Beltway Republicans Ignoring Their Mandate

by Jerry Shenk
 

The Washington Beltway wing of the Republican Party has been dismissing the party's conservative base for far too long. If Republicans nominate another "moderate" 2016 presidential candidate, they will lose again.

The GOP establishment rationalizes their favorites by thinking "Where else they gonna go?" in the apparent belief that, if Democrats nominate left-wing candidates, conservatives will vote for a plain vanilla "centrist" Republican.

But that assumes that there are real differences between the parties. In fact, today, there's only one party in Washington — a fusion of Republicans and Democrats all looking out for their own interests no matter who holds majorities.

In 2014, Republicans campaigned on blocking President Barack Obama's radical transformation of America. In return, voters gave them a congressional landslide and a clear mandate to stop executive-order illegal amnesty, repeal Obamacare, prioritize American security, and restore the national rule of law.

GOP congressional leadership took that strong mandate and stopped…exactly nothing — including excessive spending.

Turning their backs on 2014 campaign promises and a clear electoral mandate, GOP congressional leadership chose Washington business as usual: They caved and funded amnesty, failed to pursue a principled bicameral vote to repeal Obamacare, and confirmed a new Attorney General having as radical a record as her predecessor.
Accordingly, recent polling data from the Pew Research Center reveals that Republican voters are unhappy with the GOP-led Congress.
Currently, only 41 percent of Republicans approve of congressional Republicans' performance -- a sharp decline in just four years, and far below 1995, when Pew reported: "78% approved of GOP leadership's policies and proposals."
The drop in approval is mostly among the GOP's conservative base: In February 54 percent approved of congressional leaders' job performance, today only 41 percent approve — and that number is falling.
House Speaker John Boehner and new Senate Majority Leader Mitch McConnell have been busy attempting to demonstrate that they can "govern" in the apparent belief that, if they successfully sell that conceit, a Republican will win the White House in 2016.

Establishment Republicans forget that 5 million conservatives stayed home in 2012 rather than vote for Mitt Romney.
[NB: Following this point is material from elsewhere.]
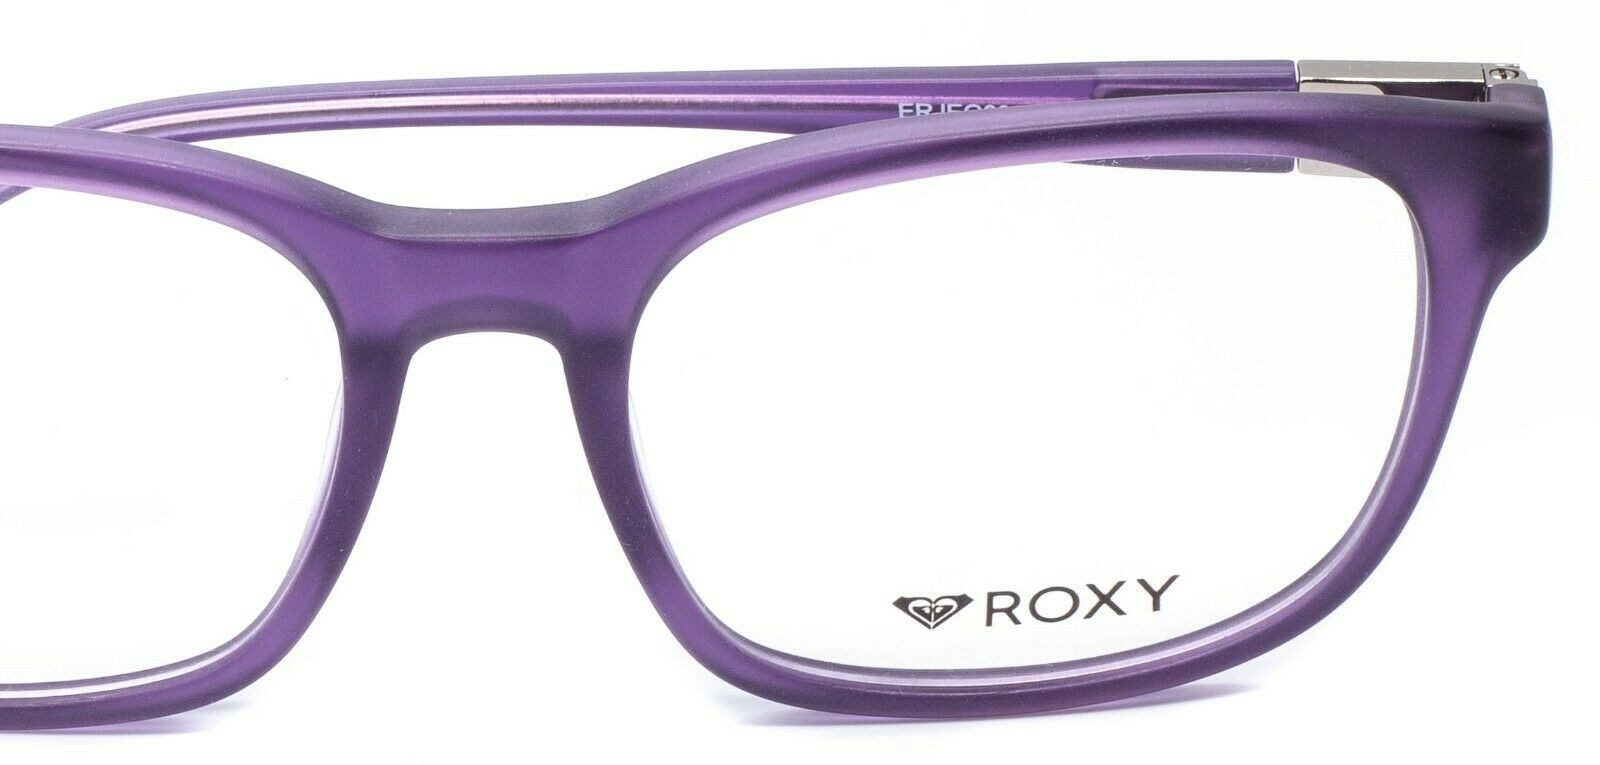 ROXY ISLA ERJEG03027/APUR 52mm Eyewear FRAMES Glasses RX Optical Eyeglasses New

It's a pattern: Bob Dole, John McCain, Romney, all moderates, all losers.

Beltway Republicans don't appear to mind that they're destroying incentives for conservatives — the most-energized, best-informed segment of the party — to contribute to, work or vote for a 2016 GOP presidential candidate.

Congressional GOP centrists have made clear their scorn for the party's conservative base. In return, conservatives' acquired contempt for moderate congressional leadership can sink the Party's 2016 prospects, presidential and congressional.

Unless the GOP injects some genuine hard-rock conservative principles, energy, intelligence and willingness to fight into the presidential campaign, another Clinton presidency is imaginable.

PJMedia's Michael Walsh summed things up: "The Permanent Bipartisan Fusion Party doesn't care. And certainly not the wing led by the twin dullards, McConnell and Boehner, men of limited intelligence and zero imagination. But then, that's what happens when politics becomes a profession: it becomes all about process."